Chapter 6: Understanding the System
Instructor Morten had a presence like an avalanche. Towering, broad, and brimming with contained power, he gave feedback with minimal words and a tone that rumbled through your bones.
"Fallow. Decent movement. Poor discipline. You rely too much on instinct, not enough on foundation. But the potential's there."
I managed a nod through my heavy breathing. My shirt clung to my back, sweat stung my eyes, and I was sure my arms were going to fall off.
Velora received no comments. Just a curt nod from Morten, which for him might as well have been a standing ovation.
After cooldown stretches, our class was split off and rotated between several courses. First up: tactics theory.
We filed into a sandstone building shaped like an octagon, each wall adorned with banners of past battles and training formations. Master Theren greeted us at the front—loud, animated, with a booming voice that somehow made the diagrams on the wall more exciting than they had any right to be.

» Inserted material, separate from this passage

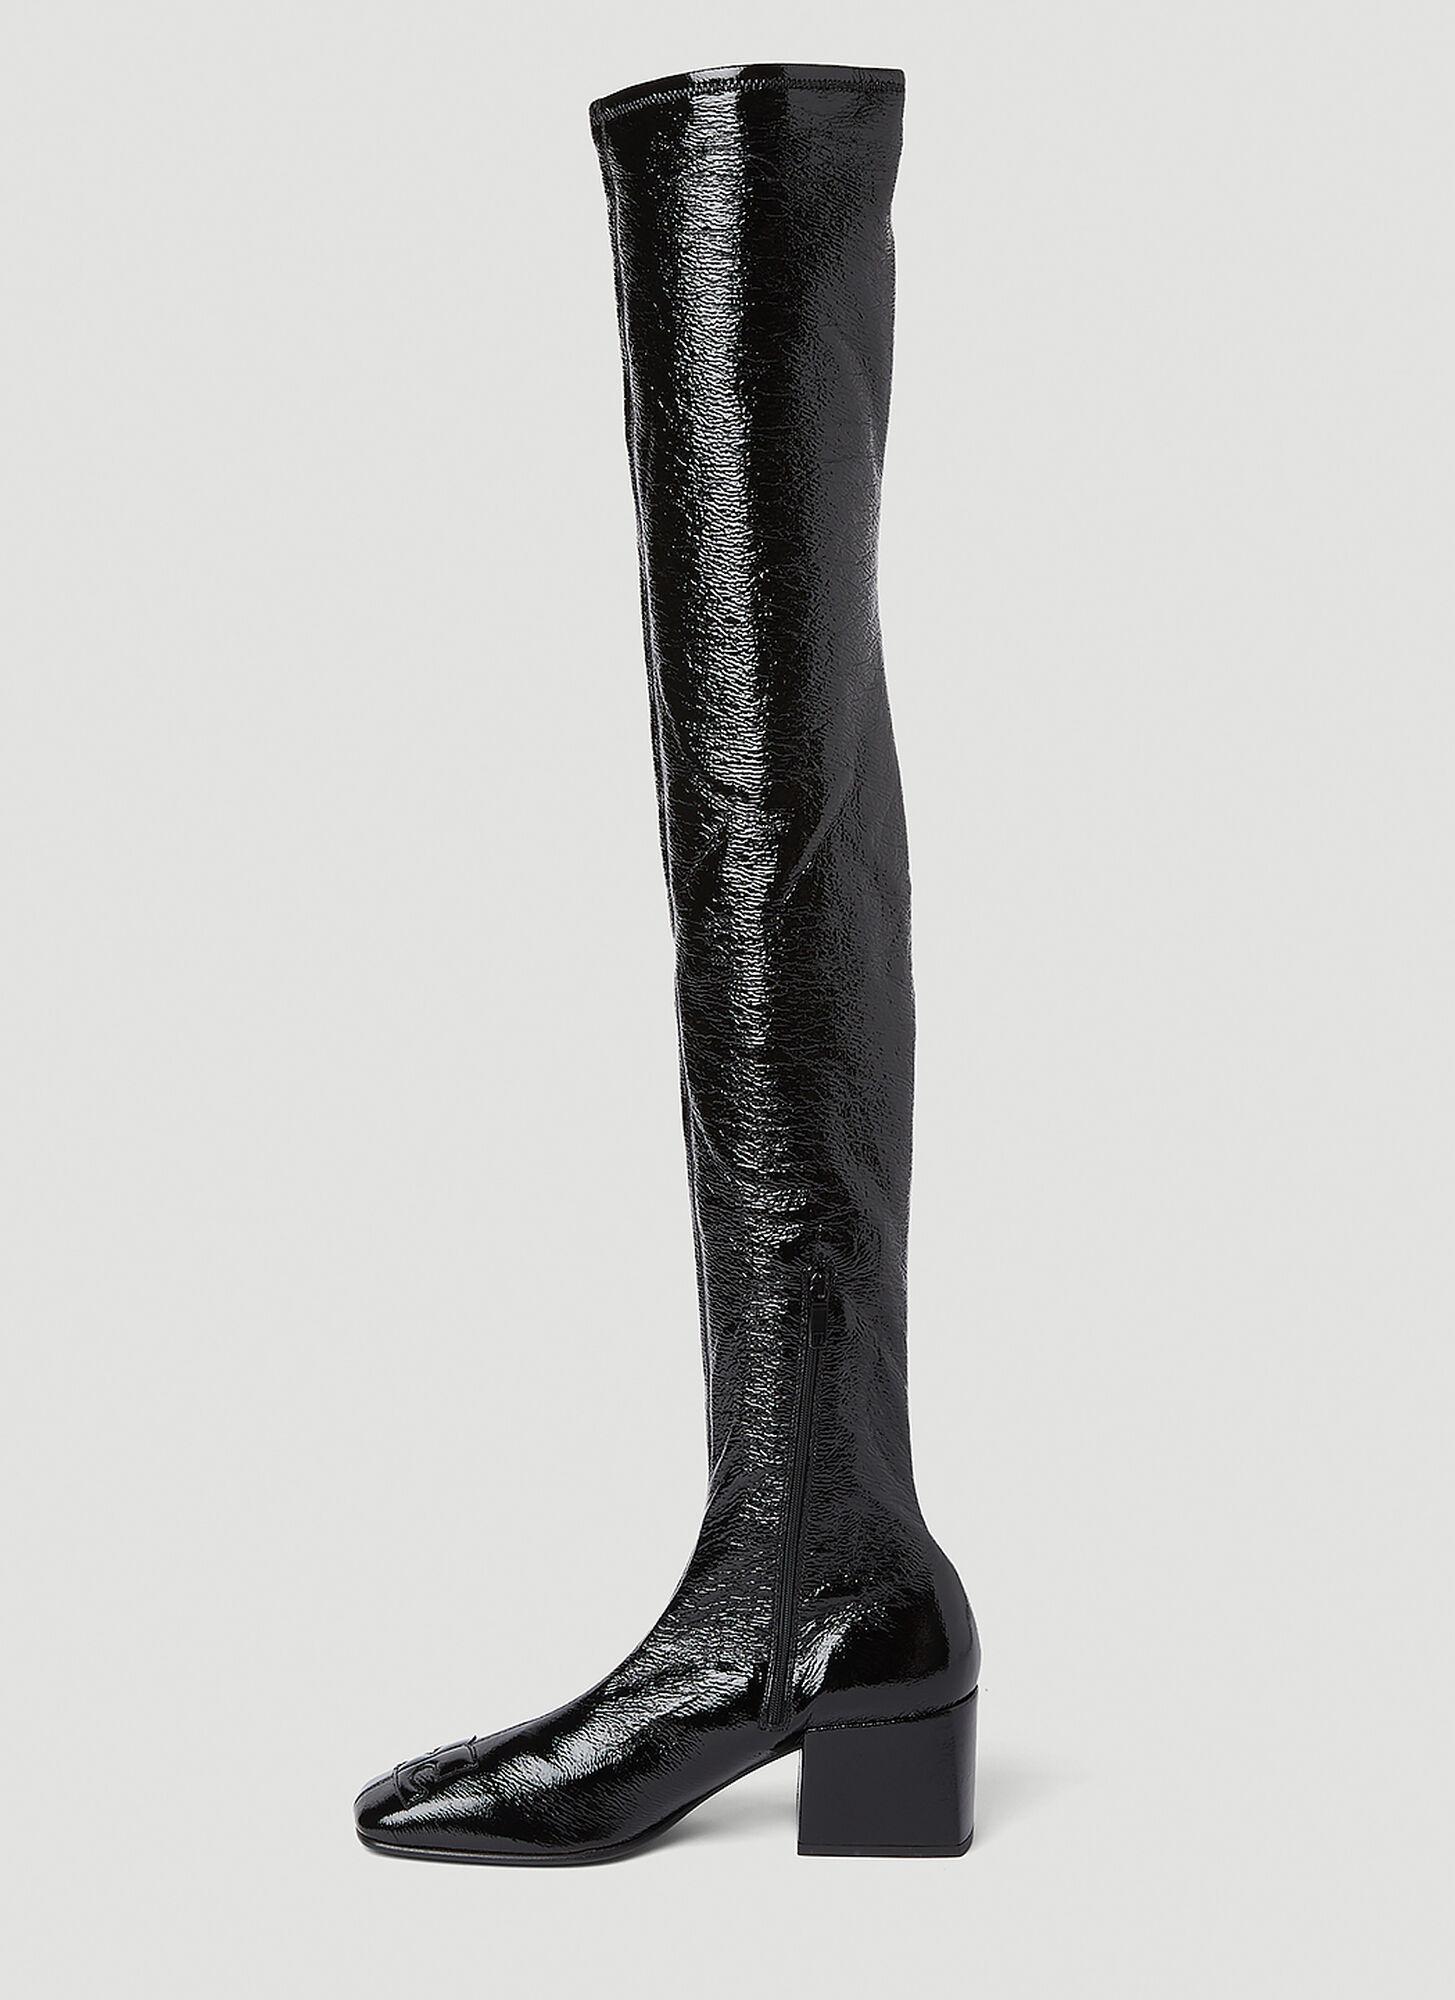 Courreges Vinyl Knee High Boots in Black | Lyst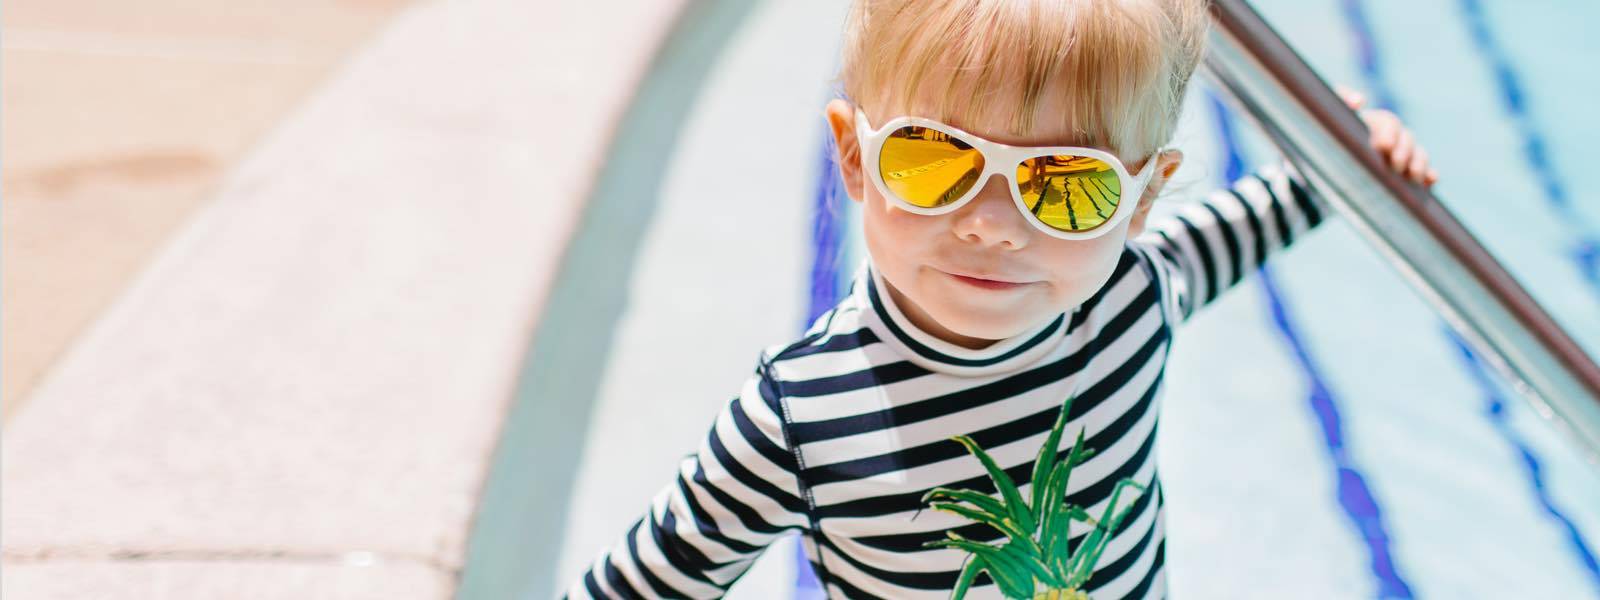 Babiators Sunglasses Sizing Guide

"Tactics ain't just about the blade! It's about knowing where the blade should be! It's about movement, terrain, timing, and trust! You fight a monster, you're a fool. You fight a monster with a plan, you're a survivor!"
He barked questions mid-lecture, pointing to random students, sometimes hurling chalk at those who drifted off. I got hit once. I deserved it.
Then came history class, held beneath a vaulted ceiling strung with hanging globes and map-scrolls. Mistress Silvarin, soft-spoken and graceful, began her lecture in tones so gentle they lulled us into false security—until her passion ignited. At the mention of ancient wars or the rise and fall of noble houses, her voice rang with fire.
"The fall of House Ashren led to a cascade of regional unrest. House Elowen nearly fractured in response, and the supposed destruction of House Vale marked the end of an age." Her voice dropped again. "Or so we believed."
I stiffened. Lucien Vale. The name echoed faintly in my mind. I didn't say anything. But I remembered the way he moved. The swordplay. The grace.
Could there be a connection?
I didn't know.
Next came basic physical conditioning. Running. Lifting. Drills. It was brutal—but in a straightforward way. Just you, your limits, and the push past them. We ran circuits around the training ground, carried sandbags up hills, and held planks until our arms shook. The instructors ran us through an intense battery of strength and endurance work: push-ups until our shoulders burned, sit-ups with a weighted pack across our chests, chin-ups on iron bars slick with sweat.
We sprinted sprints in bursts—short, explosive dashes—followed by longer laps that tested our stamina. Between sets, we cycled through basic lifts with iron weights: lateral raises to build shoulder control, bent rows to fortify our backs, and even bench presses—incline, decline, and flat—rotating between them to build full-body strength.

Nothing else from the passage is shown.